# New Pentax 645d ii is coming next week



## ksagomonyants (Feb 6, 2014)

It seems that the long awaited successor of Pentax 645d will be released next week at the CP+ Camera & Photo Imaging Show in Yokohama, Japan. It will have a CMOS sensor. No price has been announced, but Pentax 645d was originally launched at ~$10,000.

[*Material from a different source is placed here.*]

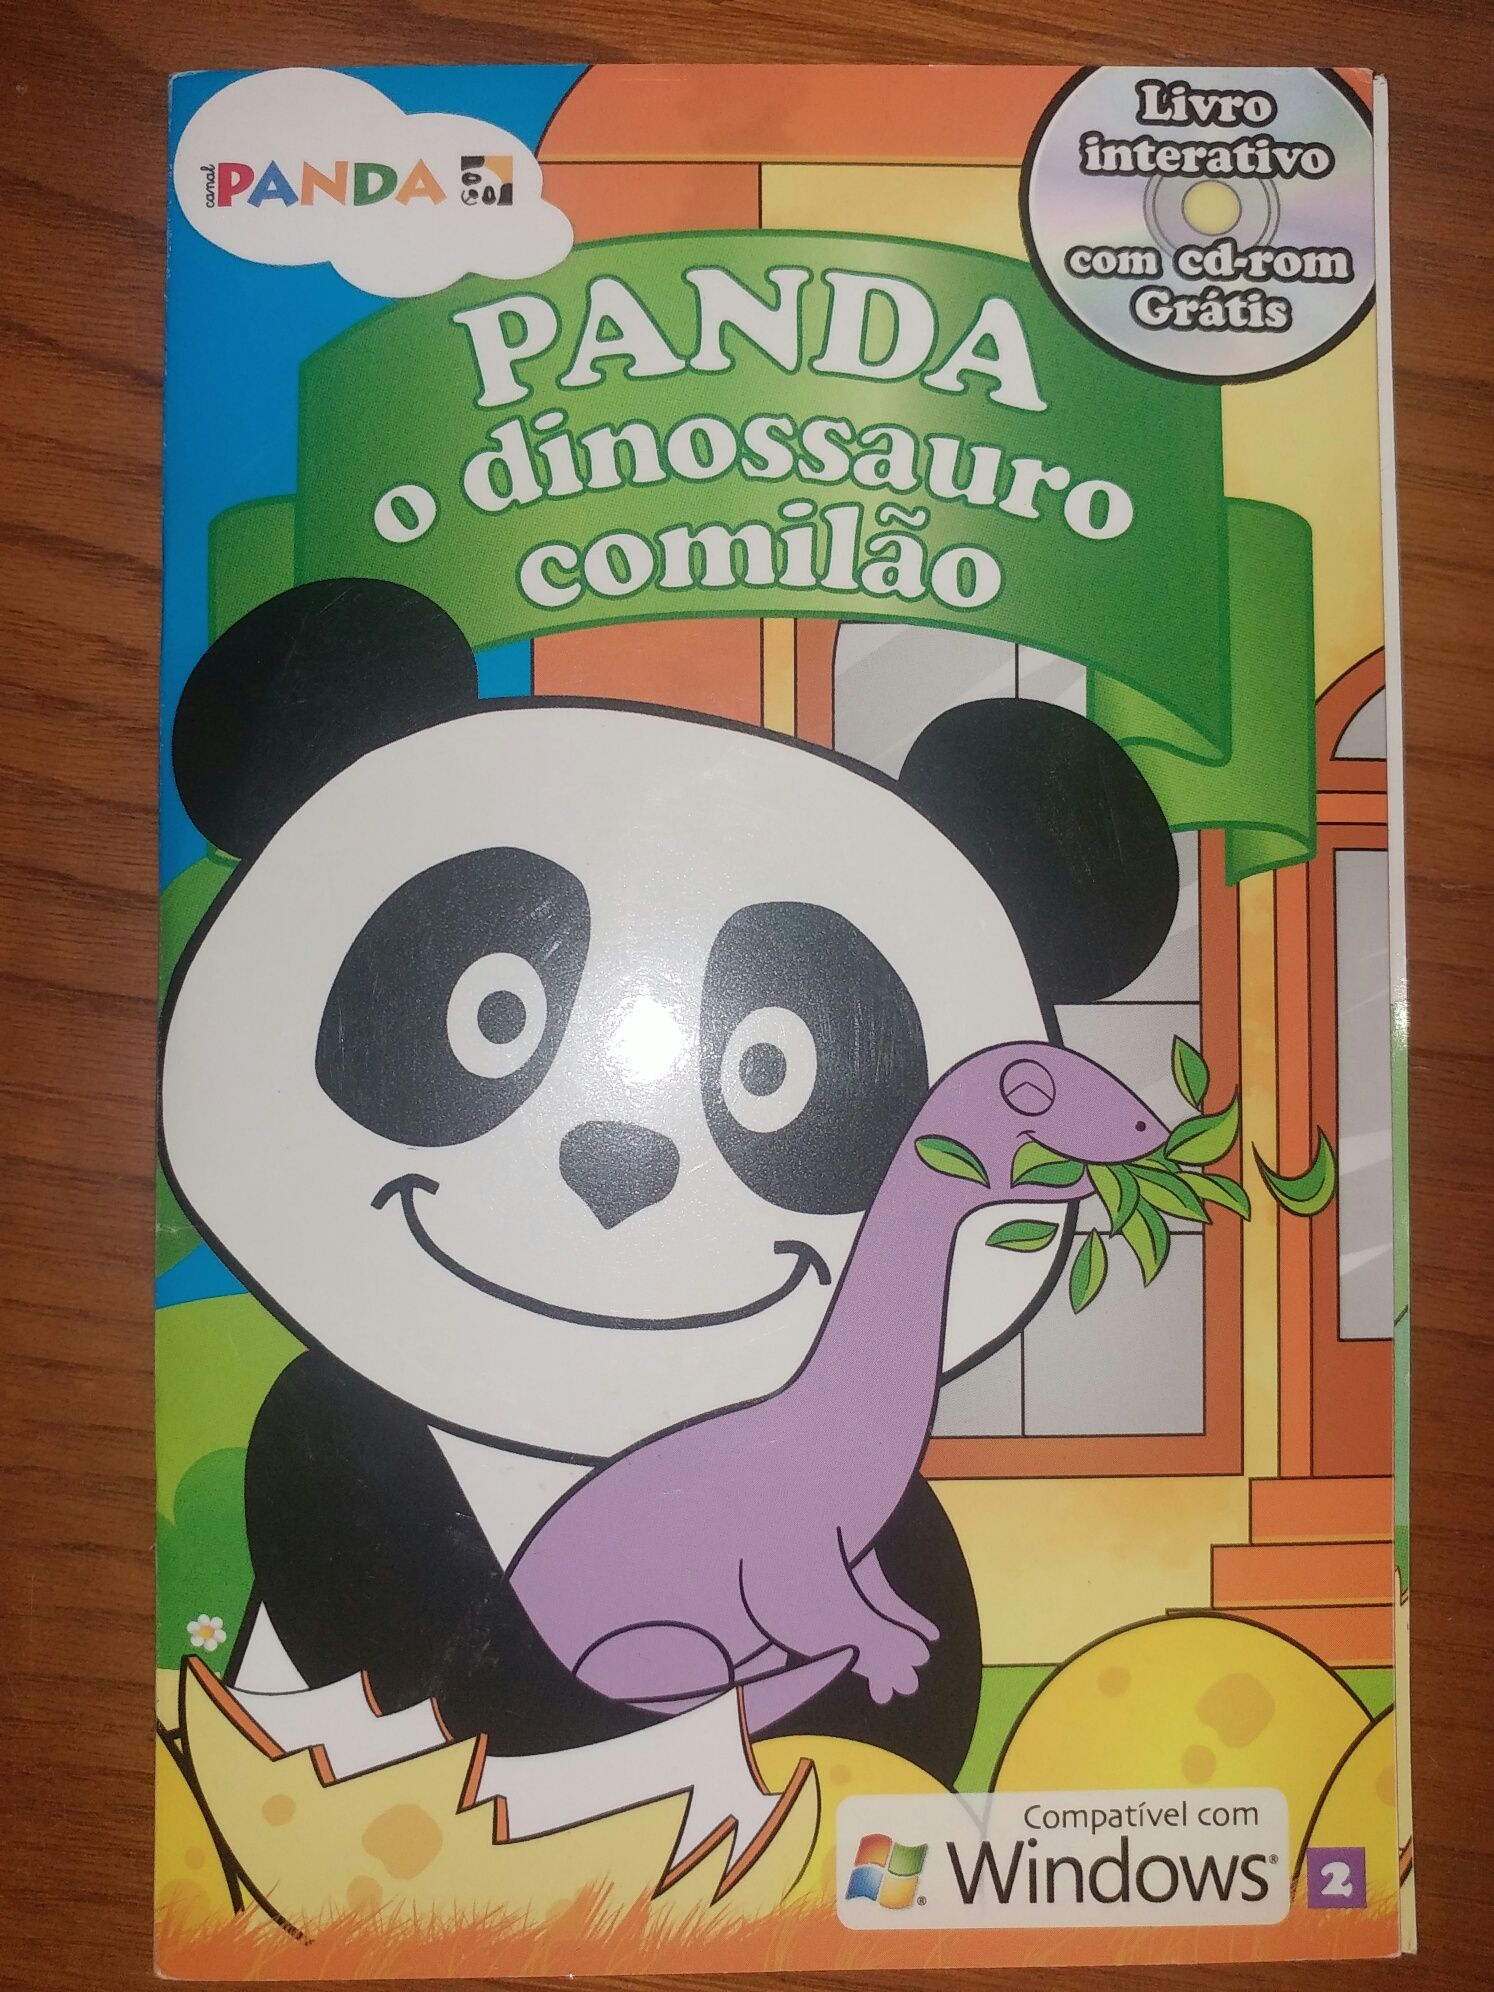 Panda: o dinossauro comilão
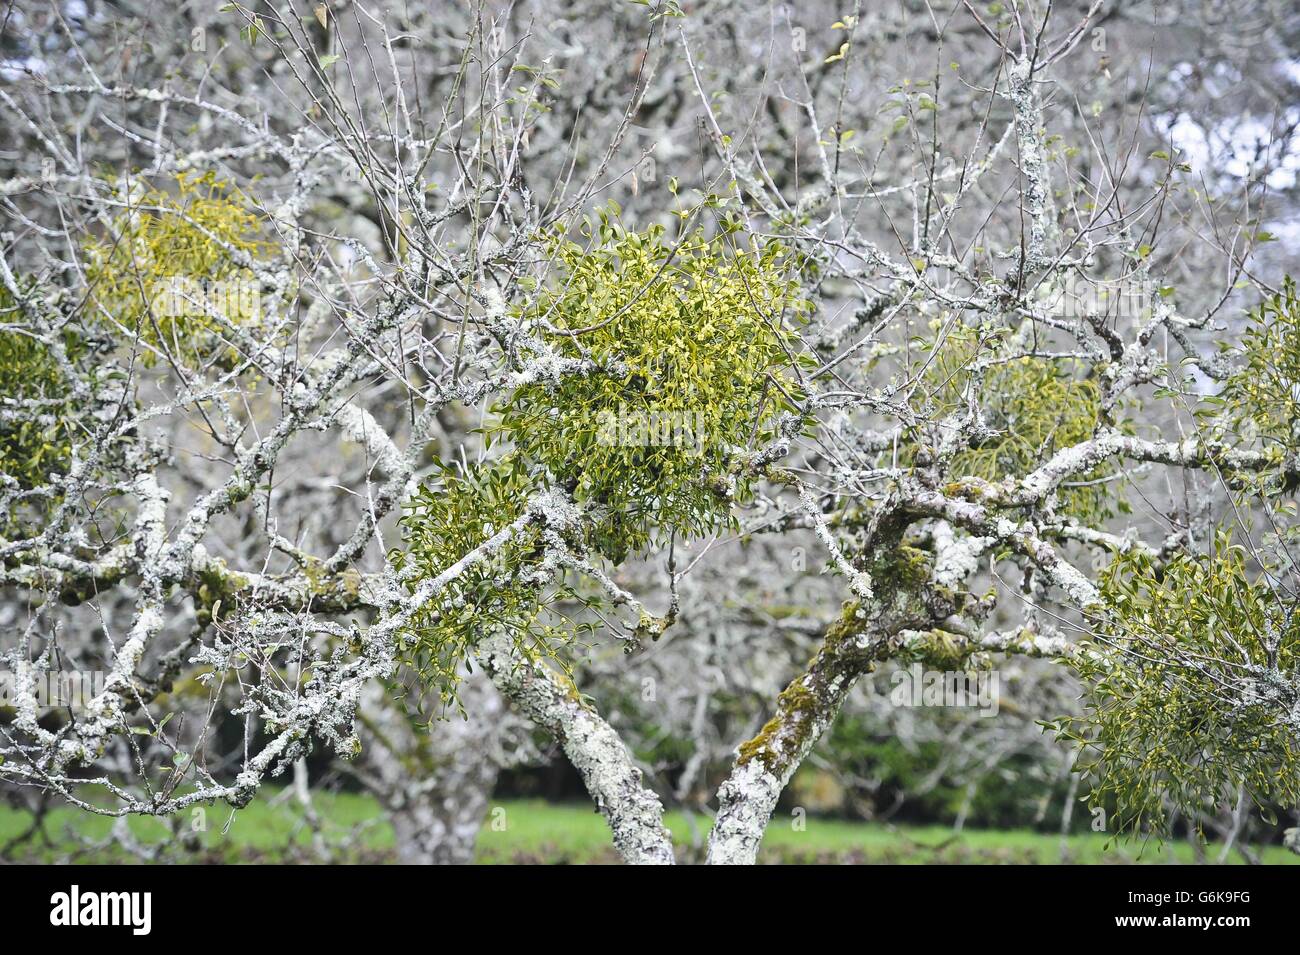 Mistletoe at Cotehele Stock Photo

http://blog.wppionline.com/2014/02/new-pentax-645d-medium-format-camera-with-cmos-sensor-to-be-unveiled-next-week/

http://www.dpreview.com/news/2014/02/05/ricoh-promises-reference-products-including-cmos-645d-at-cp

Those who won't be able to afford it but want to go to the "medium format", may hope that the price for the original Pentax 645d would decrease even more (now is ~$6000).


----------



## TomazK (Feb 6, 2014)

Cool, so there will now be 3 camera systems with the Sony sensor.
PhaseOne launched first, Hasseblad just said they would and now Pentax... cool...
Sony seem to be going into the sensor business strong.

T


----------



## moreorless (Feb 6, 2014)

The Phase One was pretty dam expensive($35K wasn't it?) so it'll be interesting to see what this Pentax comes in at.


----------



## traveller (Feb 6, 2014)

I wonder what this will do to the market for a 1Ds Mk3 replacement? It might help to speed up a new high-megapixel 1D series body, or it might force Canon to rethink their strategy and move the high-megapixel sensor into a lower end body. A lot will depend upon the price of this new Pentax 645...


----------